At the same time, there are men we have grown up seeing around us. They are expected to be something, whether it's our fathers, brothers, partners, or friends, but it's not really who they are projecting themselves to be. The same thing applies for Akmal. The fact that Reshma likes her more is not just the typical father-daughter love being glorified. Akmal holds an emotional space for Reshma which Syeda cannot. And here, the gender stereotype is kind of switched because mothers are supposed to be caring and loving. But in Reshma’s case, it was Akmal who was doing that.
You beautifully use Hindustani words like laee, charkhi, fursat, taking the reader into the world of Syeda’s language. Was the book an attempt to conserve language in an age when such words are becoming less common?
I used these words because you can't translate the flavour of these words in English. In fact, the conversations in the book are basically translations of what I was told by many people. But in the cases of some words, the flavour cannot be replicated in English.
And that is also the flavour of Syeda's world and her life. Syeda still talks in her UP style. She has not just the language or the dialect, but also the kind of tone and demeanour of Benares. That’s why some of these words keep appearing in the book. In contrast, Reshma’s conversational style is more straightforward and kind of transactional. I think places we spend our childhood affect not just our language but also our body language and cultural conditioning.
In your introduction, you talk of Indian media’s increased focus on issues pertaining to only the rich and the elite. Do you see it as a product of rapid economic liberalisation? How do you think journalists can face or reverse the trend?
Hartosh Singh Bal, the editor at The Caravan, says that journalism is different from media because media is the commercialised version of journalism. With the markets opening, new channels and media organisations coming in, there is a growth of corporate media driven by profit. So public interest is out of the window.

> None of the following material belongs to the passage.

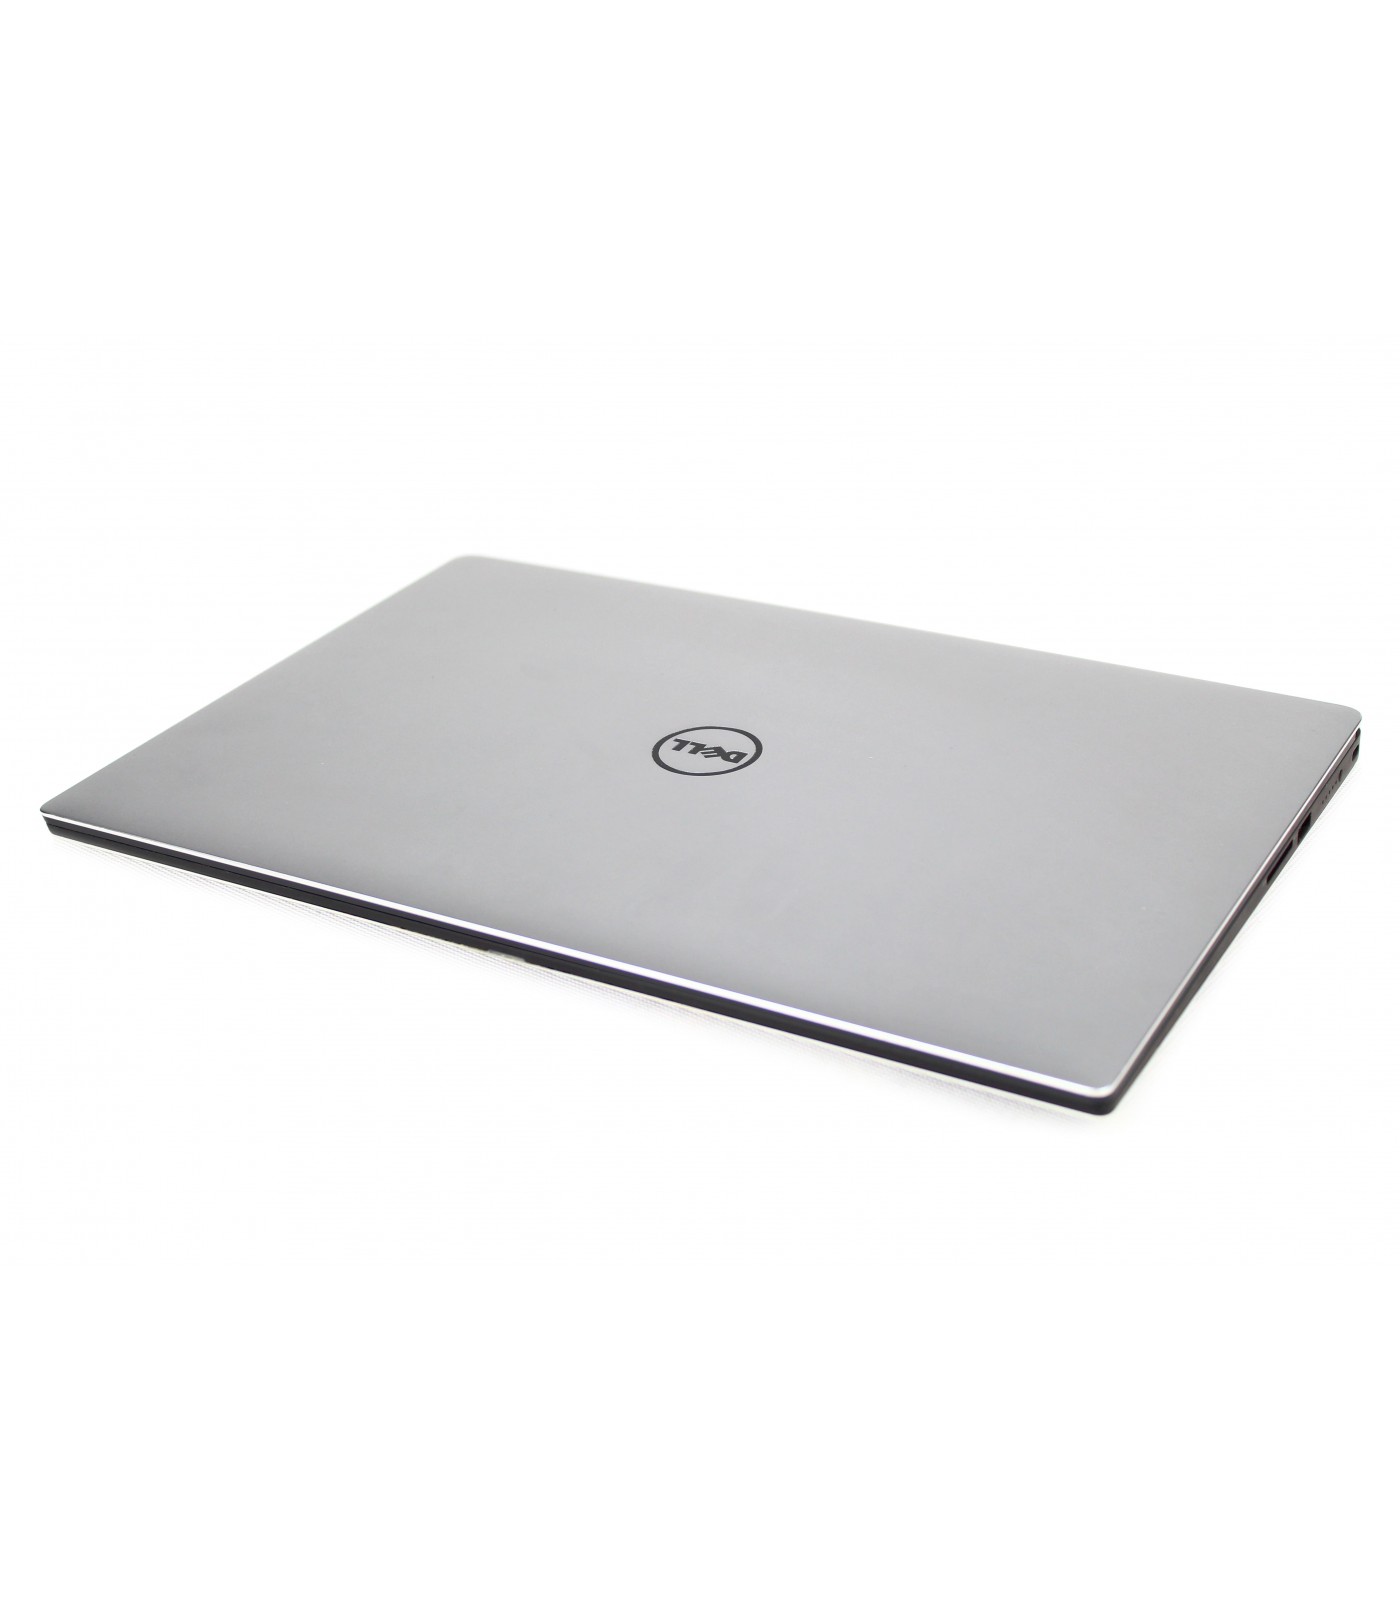 Poleasingowy laptop Dell Precision 5510 z Intel Xeon E3-1505M, 1920x1080 IPS, Klasa A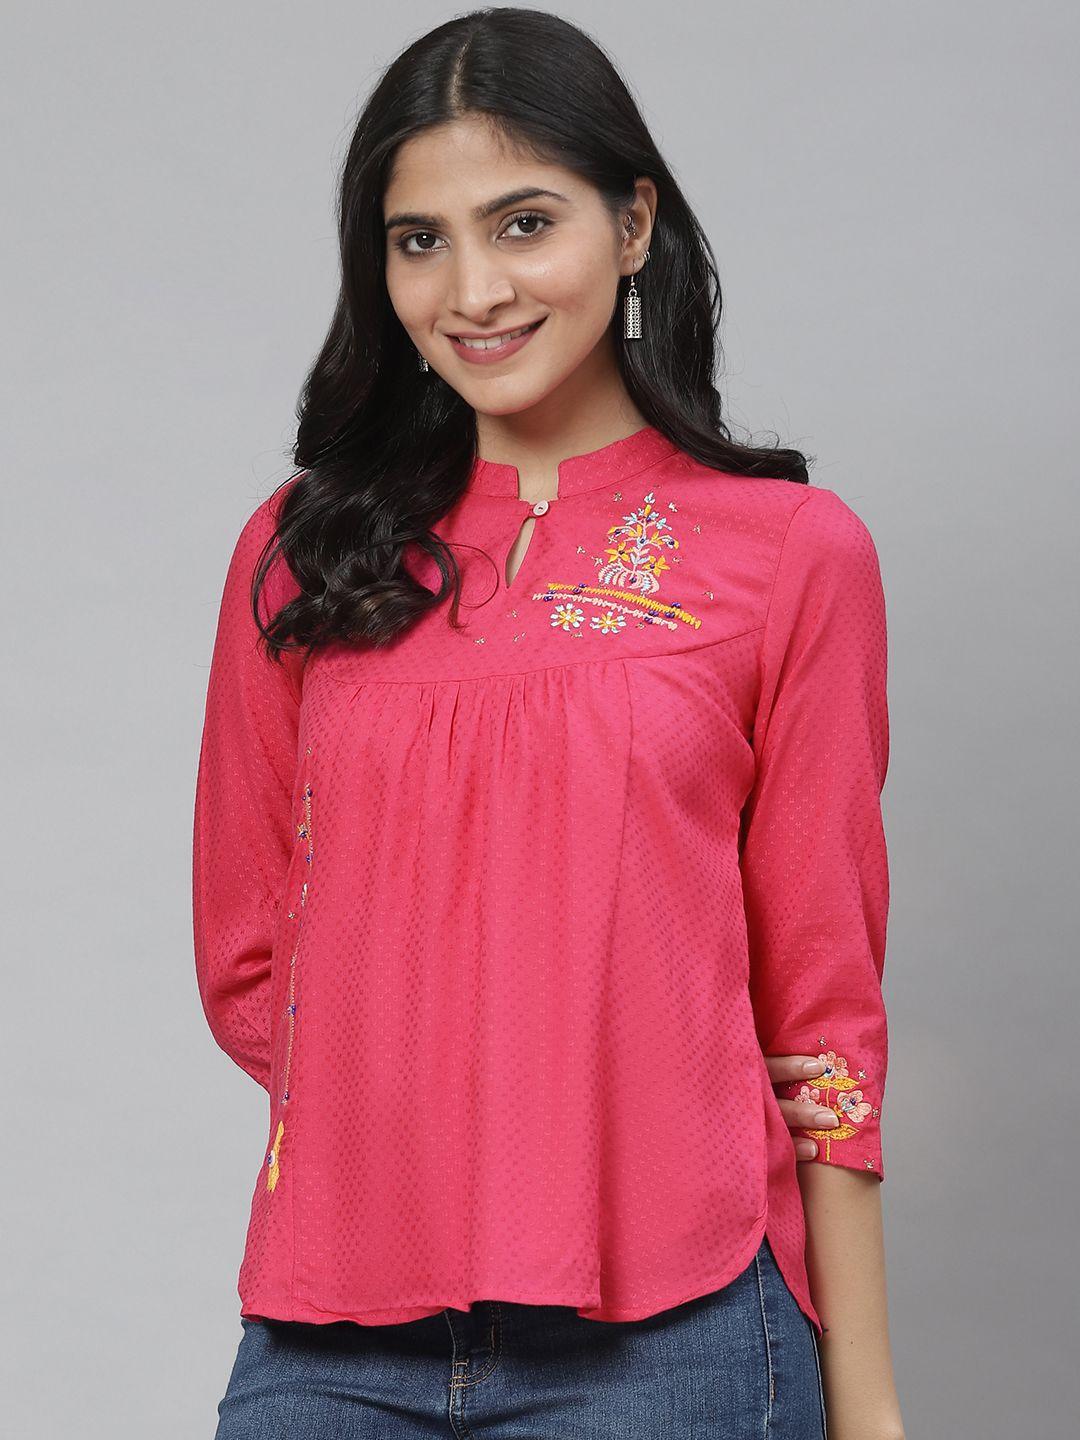 rangriti women pink self-design top

Also, as we have seen in the last 10 years, there is a corporate-political nexus with corporate media houses dishing out propaganda and false news for the purpose of profits and political gains. It’s mostly journalists themselves who even think of journalists as a different category. I increasingly feel that a lot of people across the world no longer distinguish between a journalist, content creator and social media influencer. Those boundaries have blurred.
For example, on Instagram, people sell products and give information at the same time. Nobody is going to question why you didn't include five W's and H's. Nobody will check your facts. So those boundaries have also blurred. In such a situation, all of us are trying to survive and maintain some sort of integrity or honesty. But in the end, we need to find a better way of putting public interest again back in the centre.
(Zeyad Masroor Khan is an independent journalist and author of City on Fire: A Boyhood in Aligarh.)